In most companies, tax sits with finance. The directors set strategy, the finance team handles returns and filings, and if something goes wrong with tax, it is treated as a corporate problem — a matter of assessments, fines, and adjustments paid by the company. For businesses operating in Egypt, that mental model is incomplete, and the gap can be career-ending.
Egyptian tax law does not stop at the company. Where a business commits an act of tax evasion, the law reaches through the corporate entity and attaches criminal liability to the individuals who actually run it — and it does so in a way that places the burden on those individuals to clear themselves.
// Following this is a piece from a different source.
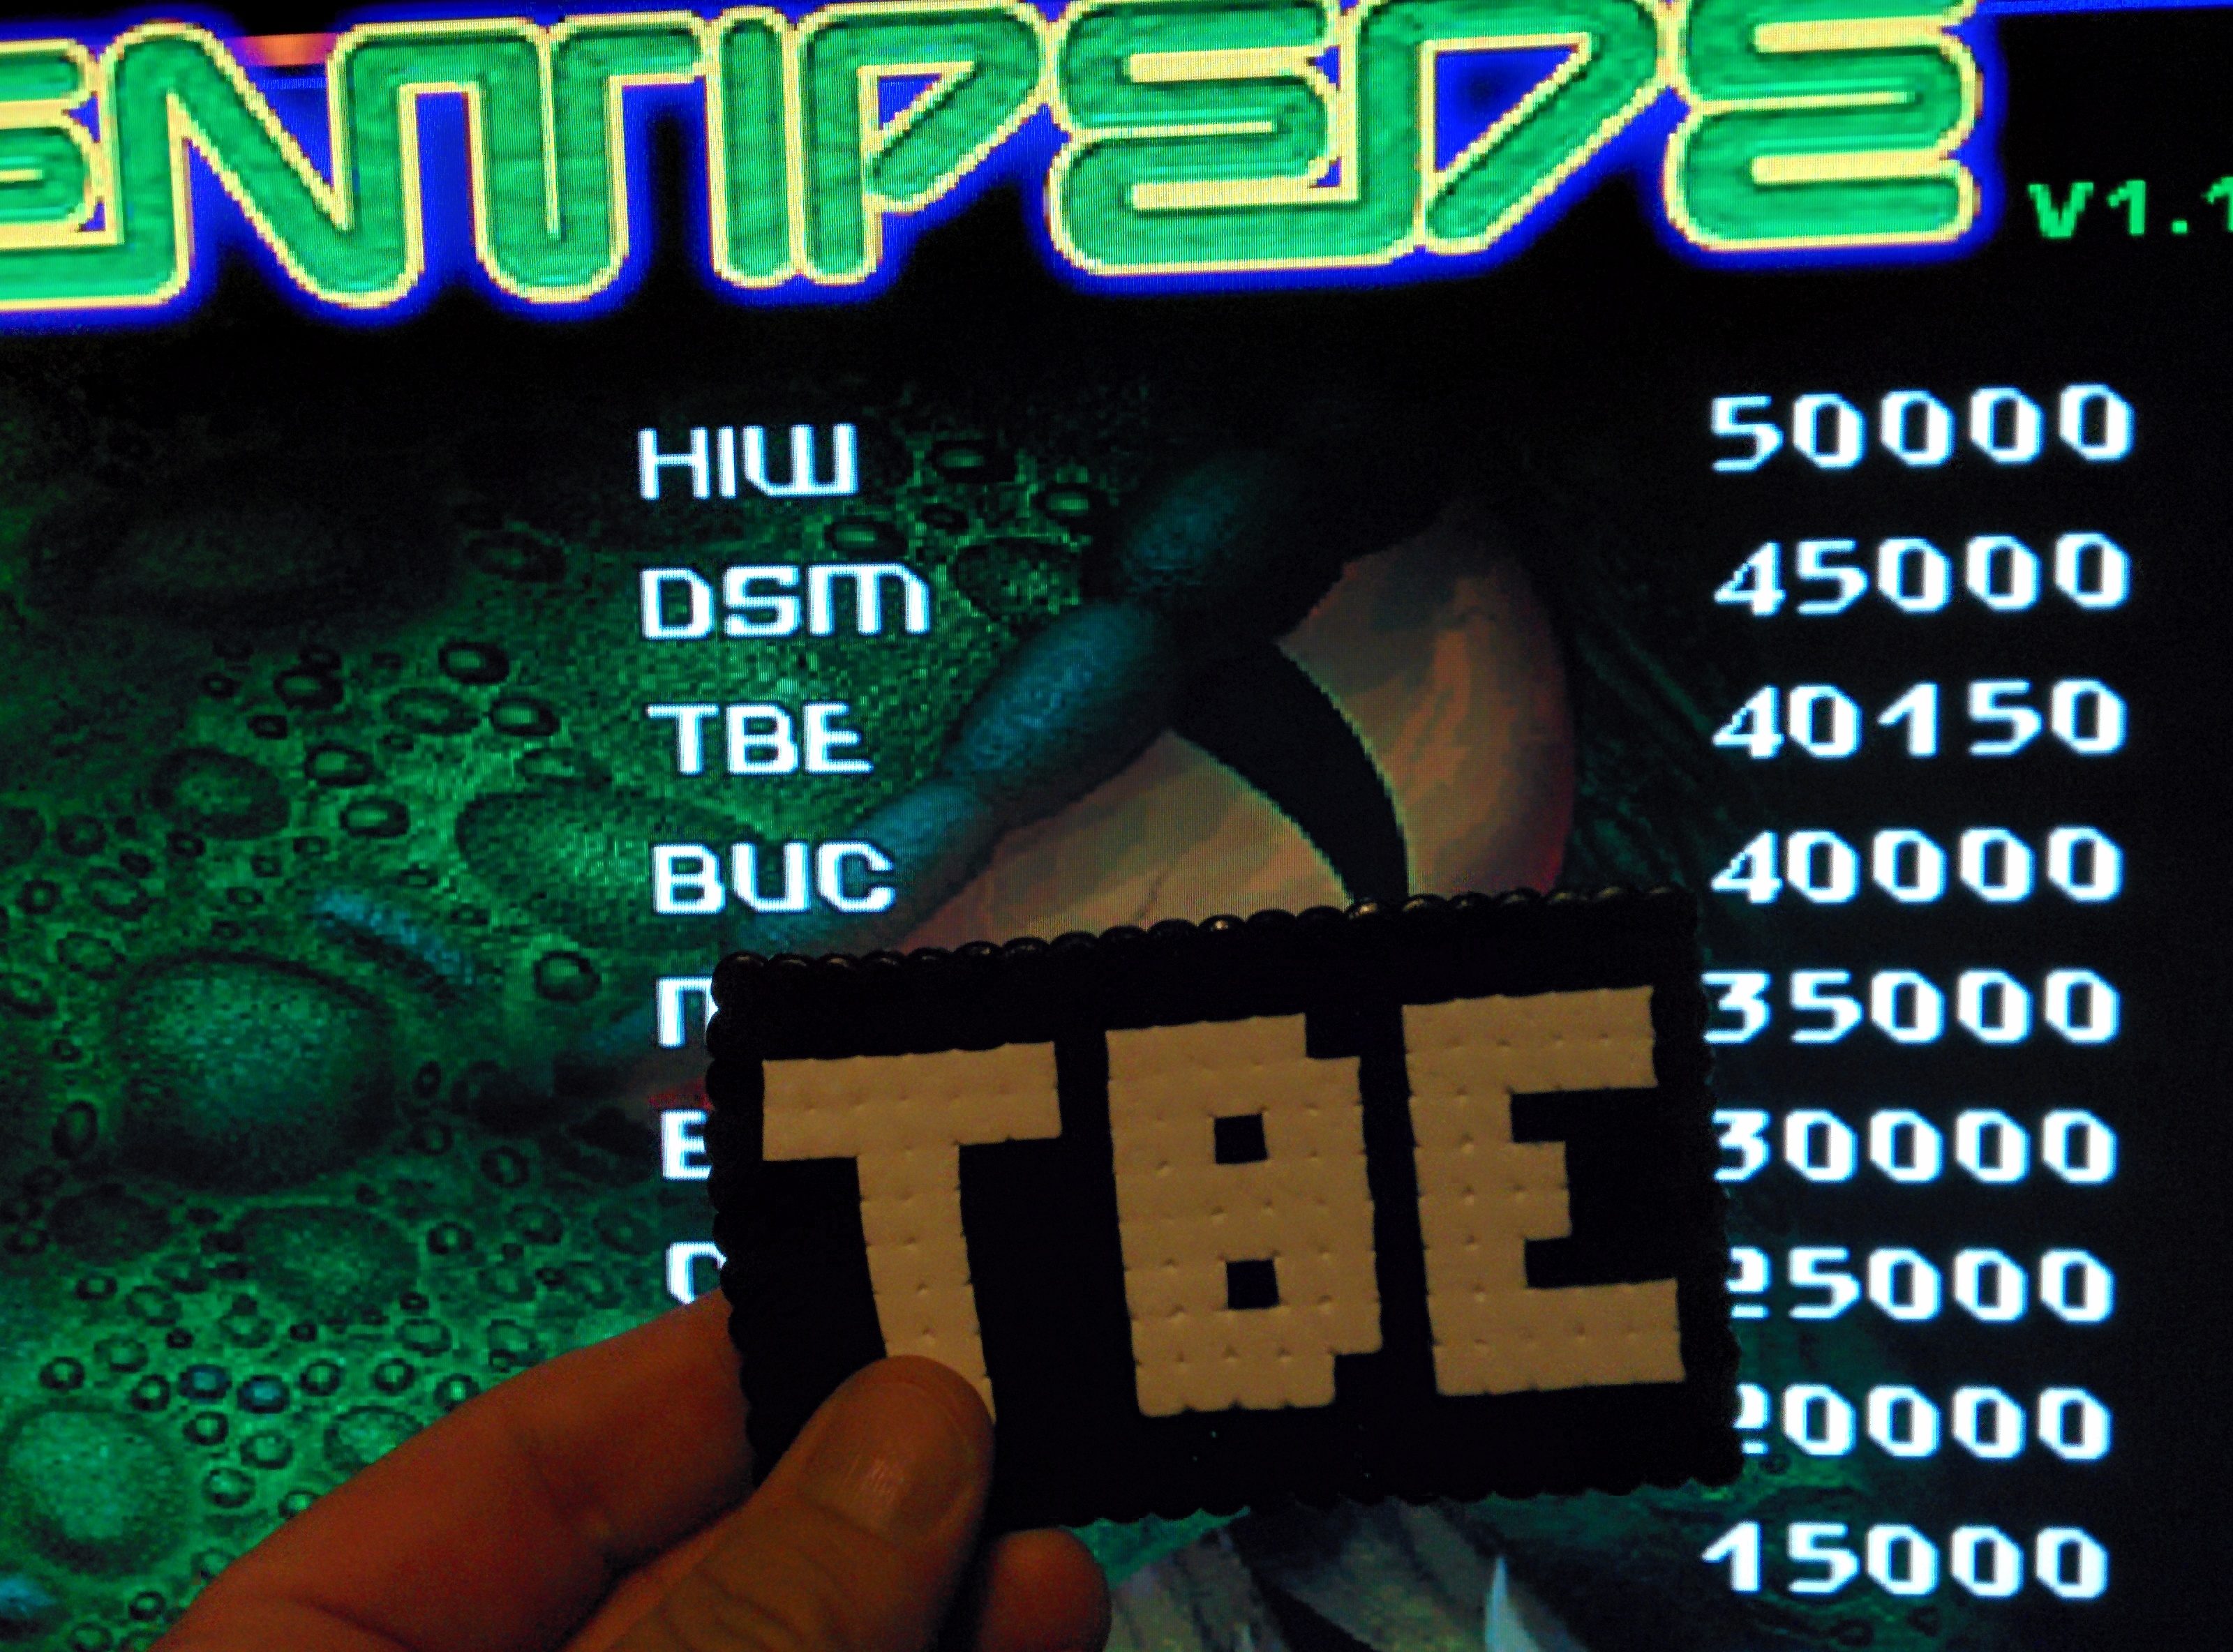 Sixx: Centipede: Arcade Mode [1998 Version] (PC) 40,150 points on 2014-08-22 16:29:06

For the managers and directors of a multinational’s Egyptian operation, a tax failure can become a personal one, complete with the prospect of imprisonment.
Who the law holds personally responsible
The rule is in Article 73 of the Unified Tax Procedures Law (Law No. 206 of 2020).
Where any act of tax evasion is committed by a legal person, the individual held responsible is the responsible partner, the manager, the delegated managing board member, or the chairman of the board — specifically, those who exercise actual management of the entity. In other words, the law looks past titles to whoever is genuinely in charge of running the business.
And the position is more demanding than it first appears. Under Article 73, the named individual may prove their lack of knowledge of the evasion — which means the starting point is exposure, and it falls to the manager or director to demonstrate they did not know. For someone running an Egyptian subsidiary at arm’s length from group headquarters, “I left tax to the finance team” is not, by itself, a defence; the question is what that person knew or should have known.
Why the threshold is lower than executives assume
The instinctive response is that this only matters for deliberate fraud — and that an honest business with a competent finance function has nothing to fear. That is where many get the risk wrong, because of how broadly Egyptian law defines tax evasion.
Article 68 of the VAT Law (Law No. 67 of 2016) sets out a long list of acts that are deemed tax evasion — and several of them are things a business might think of as merely procedural. They include:
- Failure to register on time with the Tax Authority.
- A registrant’s failure to issue invoices for its taxable sales of goods or services.
- Deducting input tax wrongly, in breach of the deduction rules and limits.
- Obtaining a refund of tax that was not due, knowing it was not due.
- A non-registrant issuing invoices that carry tax.
None of these requires an elaborate scheme. A company that should have registered and did not, or a registered business that fails to issue proper invoices, has — on the face of the statute — committed an act classed as evasion. That is the bridge: an ordinary compliance failure can be characterised as evasion, and once it is, the personal-liability rule in Article 73 is in play.
What personal liability actually means
The consequences of an evasion finding are set by Article 67 of the VAT Law, and they are not administrative.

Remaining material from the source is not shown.